If you’re a survivor of 2014 you’ve done far more than simply make it through, and I hope you come to see the badge you wear because of it and how it shines.
This is the post in which I list the things I did this year and then list my goals for the next. But there’s really only one goal when you strip it all down, and that’s to make it to the next year. Because we all know, whether we consciously acknowledge it or not, that there will inevitably come a year when we *don’t* reach the end, when we become the one who fell off and has to be remembered or conveniently forgotten in someone’s yearly wrap-up post.
And that’s why, more than anything, I’m grateful that I’m still here to set my insignificant little goals and make my list of things that probably aren’t going to happen, and if they do happen they won’t happen in anything resembling the way I blueprinted so diligently in the year’s-end blog post we all have to write now.
I’m grateful for the sublime luxury of ignorance and time.
This may come across as cynical, but it’s really not. I believe time passes so much quicker and so much more tragically unobserved and unappreciated when we’re all caught up in the mad dash of all-consuming goals and deadlines and tallying and five-year plans.
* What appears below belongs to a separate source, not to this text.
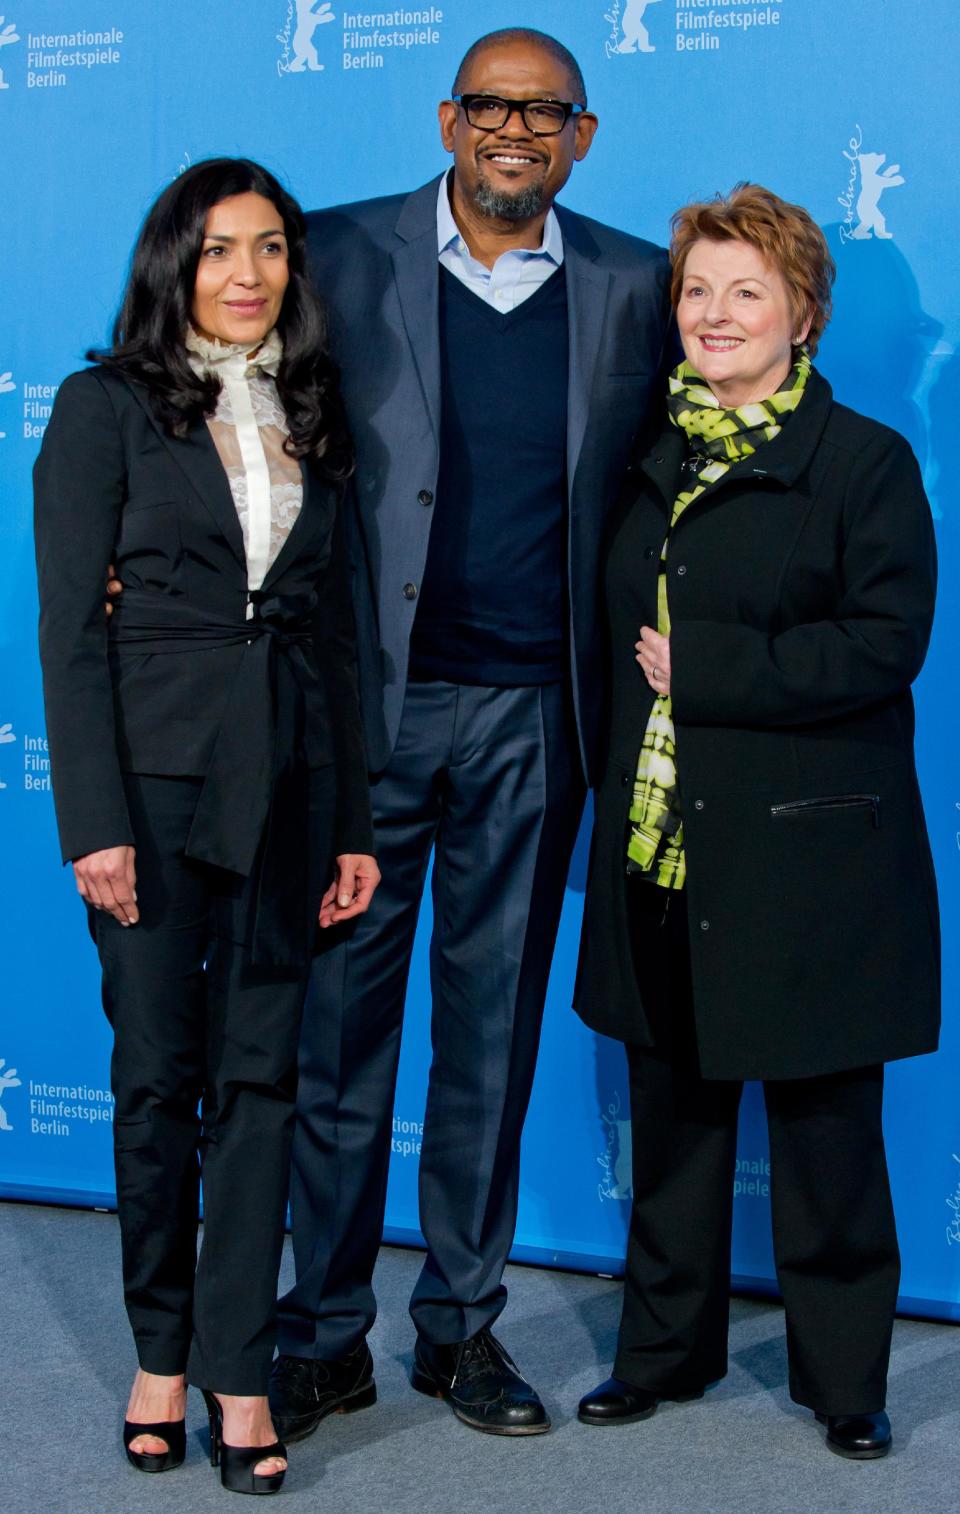 From left, actors Dolores Heredia, Forest Whitaker and actress Brenda Blethyn pose for photographers at the photo call for the film 'Two Men in Town' during the 64th Berlinale International Film Festival, on Friday Feb. 7, 2014, in Berlin. (AP Photo/dpa, Tim Brakemeier)
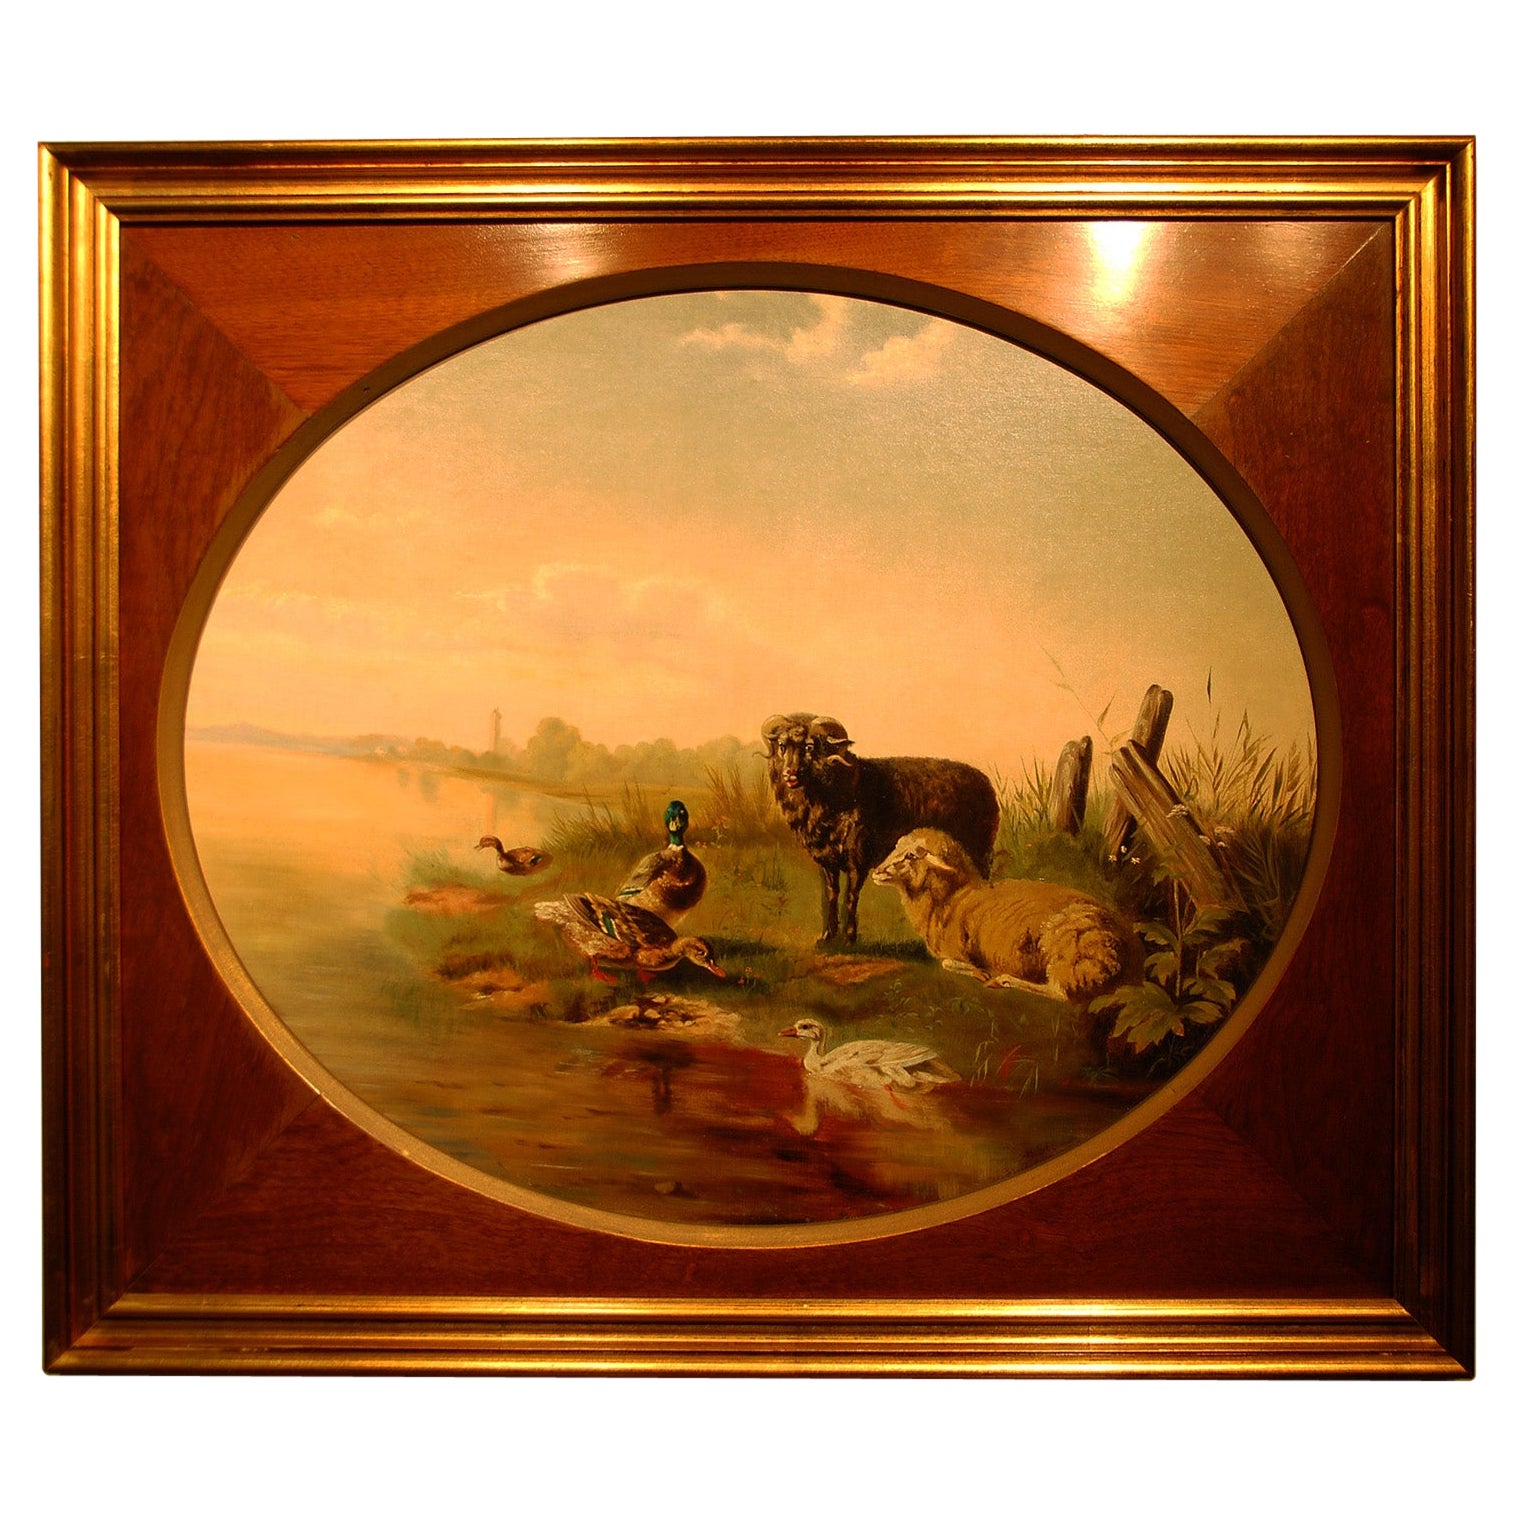 English or Dutch 19th Century Original Oil on Canvas "At the Water's Edge" For Sale

I believe a simple realization like we’re still here might allow us to slow that passage down just a little and actually appreciate the moments as they come and for what they actually are instead of using them to constantly and futilely mold the next moment into some ideal we’ve created in our heads.
That’s what I’m trying to do right now, anyway.
I have goals. Personal, professional, and creative. But I also have a life, and it’s happening right now. It’s this woman sleeping and breathing steadily next to me as I type this. It’s the prolonged cortisol rush fucking with my system because I’m nervous about the book I just delivered to the editor and I don’t know what’s going to happen. It’s the intense satisfaction of my fingertips making these keys click and seeing a blank space slowly filled in with words. It’s the constant pain I live with because of poor choices and necessary choices I made with my body years ago. It’s my itchy scalp. It’s the terrible and exhilarating uncertainty of what comes next.
I’m still here, and I get to revel in and agonize over all of these stupid little things if I only take the time to do so, and that’s an unspeakable luxury.
I’m going to write a lot in the New Year and try to make more money doing so than I did this year and move in with my girlfriend and eventually propose to her and see more of my friends and family and create more things from nothing.
I want to do all of those things, and I will, but I’m going to try to appreciate each thing as it happens simply for what it is and not where I hope it will all lead.
If I have a real goal beyond reaching the end of 2015, that’s my goal.
In summation: I’m content with who I am, if not wholly content in all aspects of where I am in life. I love the person I’m with. I’m proud of the work I’ve done and hopeful about the work I will do. And ultimately I realize the dead don’t need us to mourn, but the living do need us to try harder and do better.
I’m still here.
This is how it ends.
Congratulations on making it, folks. I mean that.